Takashi explained with one of the patches, "This is another attempt to improve further the handling of playback stream in the low latency mode. The latest workaround in commit 4267c5a8f313 ("ALSA: usb-audio: Work around for XRUN with low latency playback") revealed that submitting URBs forcibly in advance may trigger XRUN easily. In the classical mode, this problem was avoided by practically delaying the submission of the actual data with the pre-submissions of silent data before triggering the stream start. But that is exactly what we want to avoid. Now, in this patch, instead of the previous workaround, we take a similar approach as used in the implicit feedback mode.

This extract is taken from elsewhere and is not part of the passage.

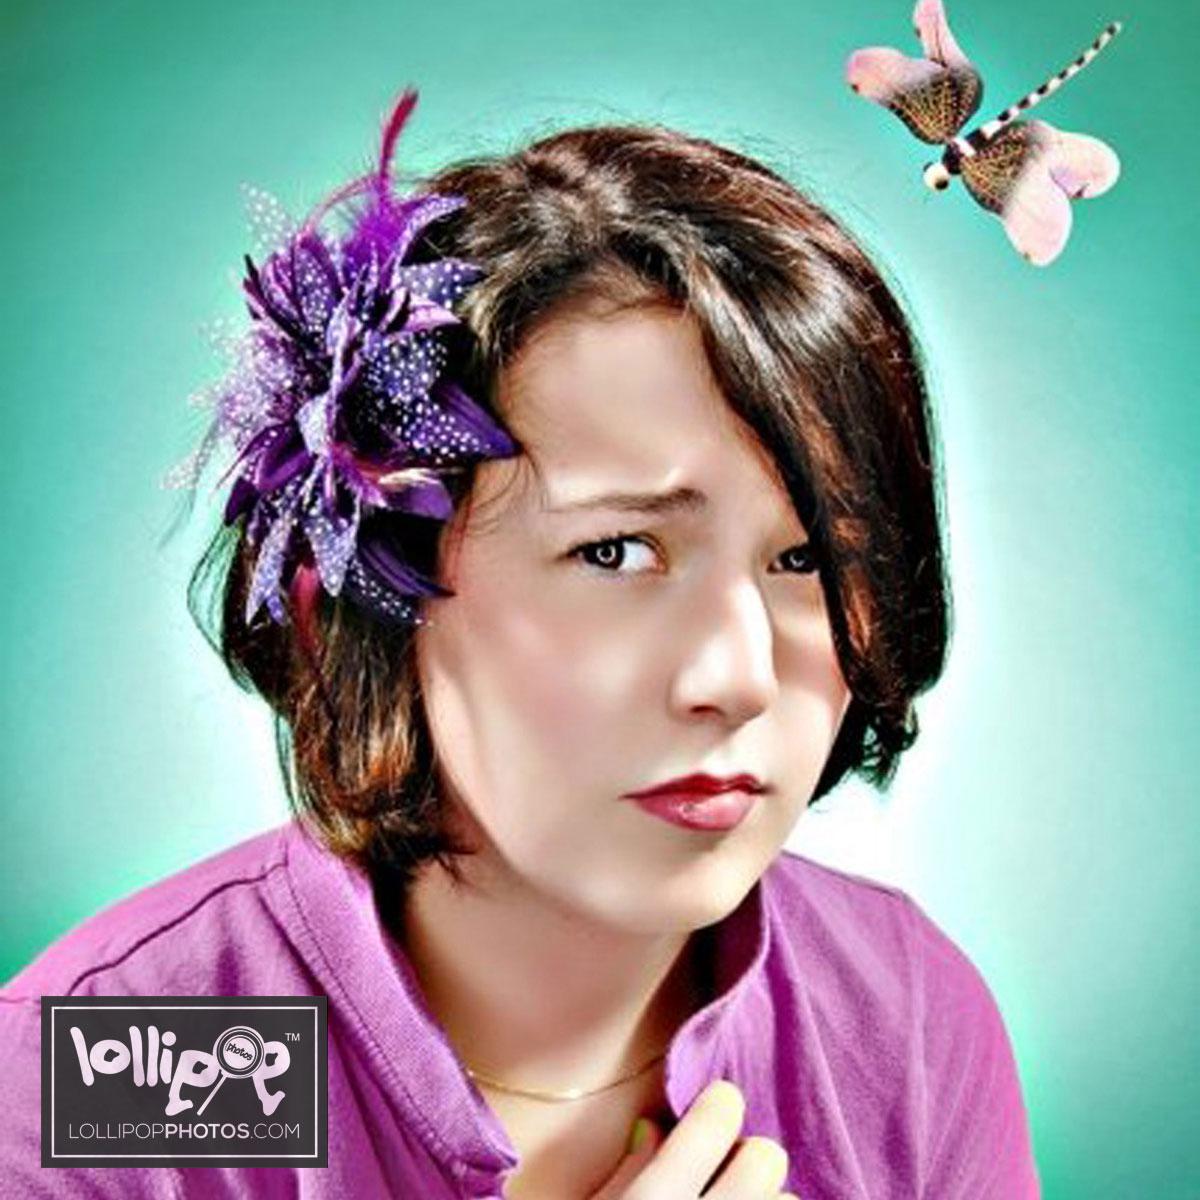 msdig-nora-canfield-lollipop-photos-179.jpg
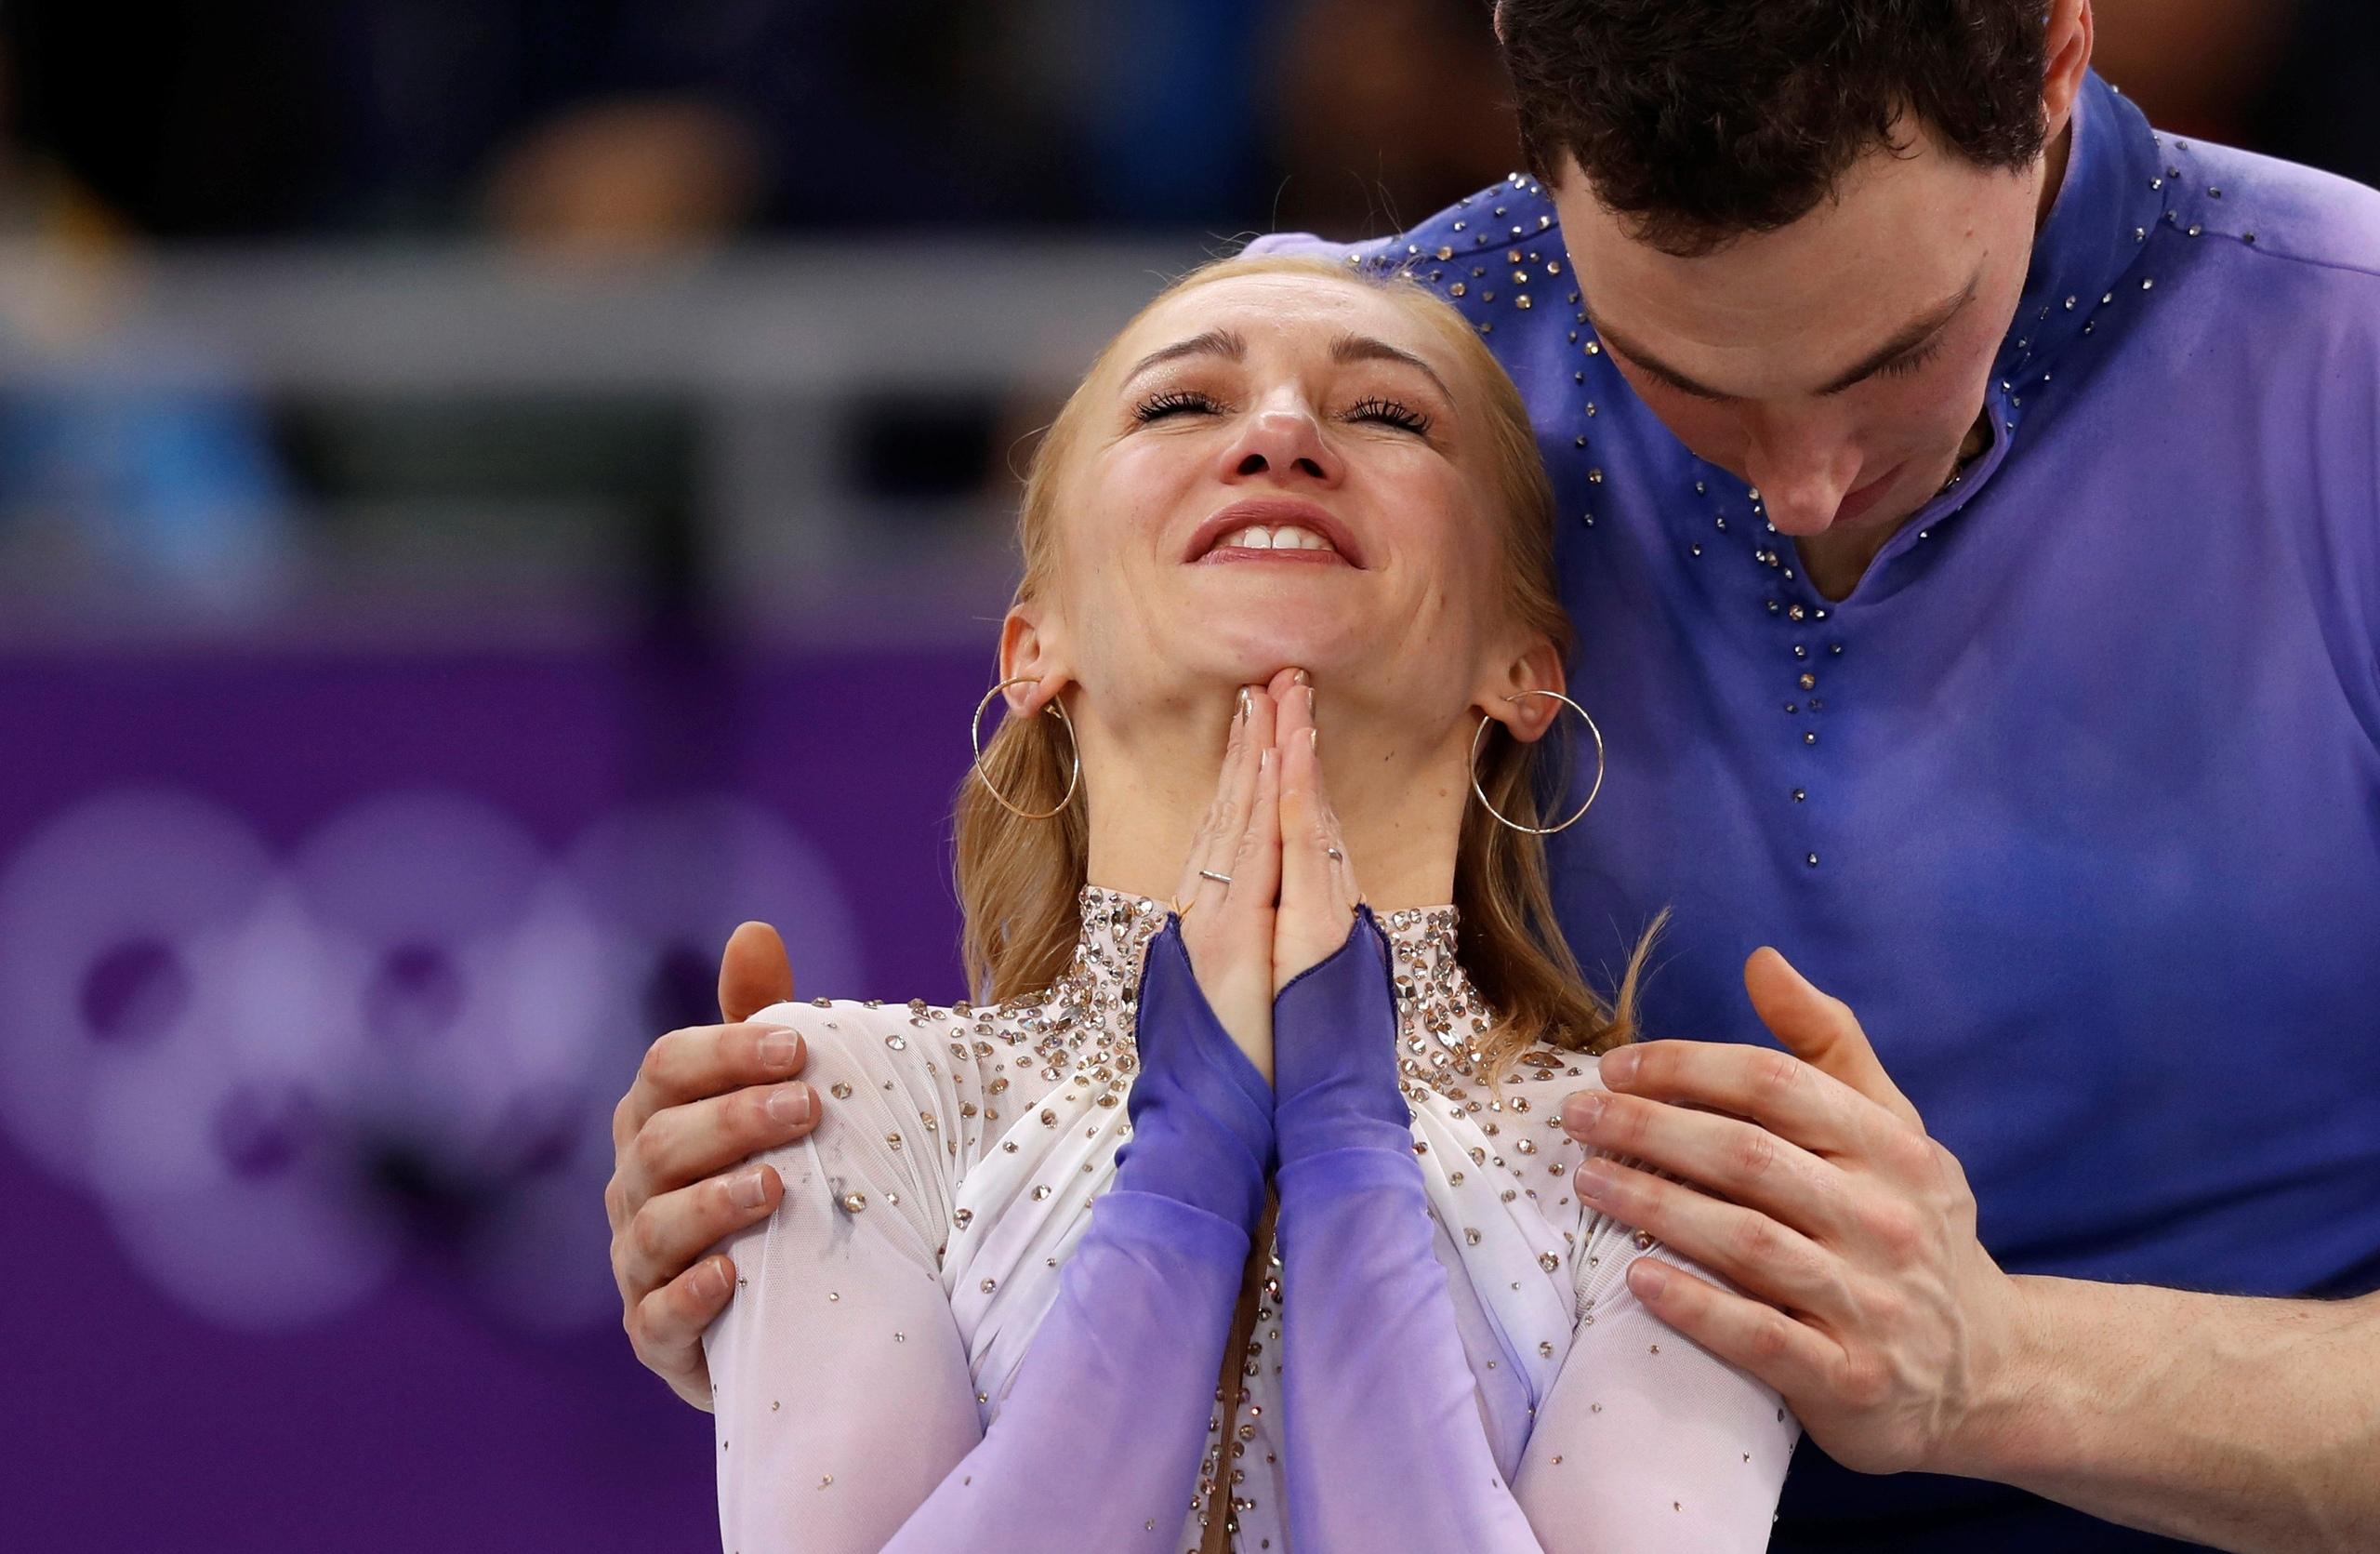 Алена Савченко - Бруно Массо / Aliona SAVCHENKO - Bruno MASSOT GER - Страница 25 W16TA5F2fGI

The URBs are queued at the PCM trigger start like before, but we check whether the buffer has been already filled enough before each submission, and stop queuing if the data overcomes the threshold. The remaining URBs are kept in the ready list, and they will be retrieved in the URB complete callback of other (already queued) URBs. In the complete callback, we try to fill the data and submit as much as possible again. When there is no more available in-flight URBs that may handle the pending data, we'll check in PCM ack callback and submit and process URBs there in addition. In this way, the amount of in-flight URBs may vary dynamically and flexibly depending on the available data without hitting XRUN."

These USB-audio driver patches were queued into the sound subsystem's "-next" branch ahead of the 5.16 merge window opening next month. This low-latency playback code should particularly help JACK use-cases with its small period size. The latest usb-audio driver improvements are in sound for-next.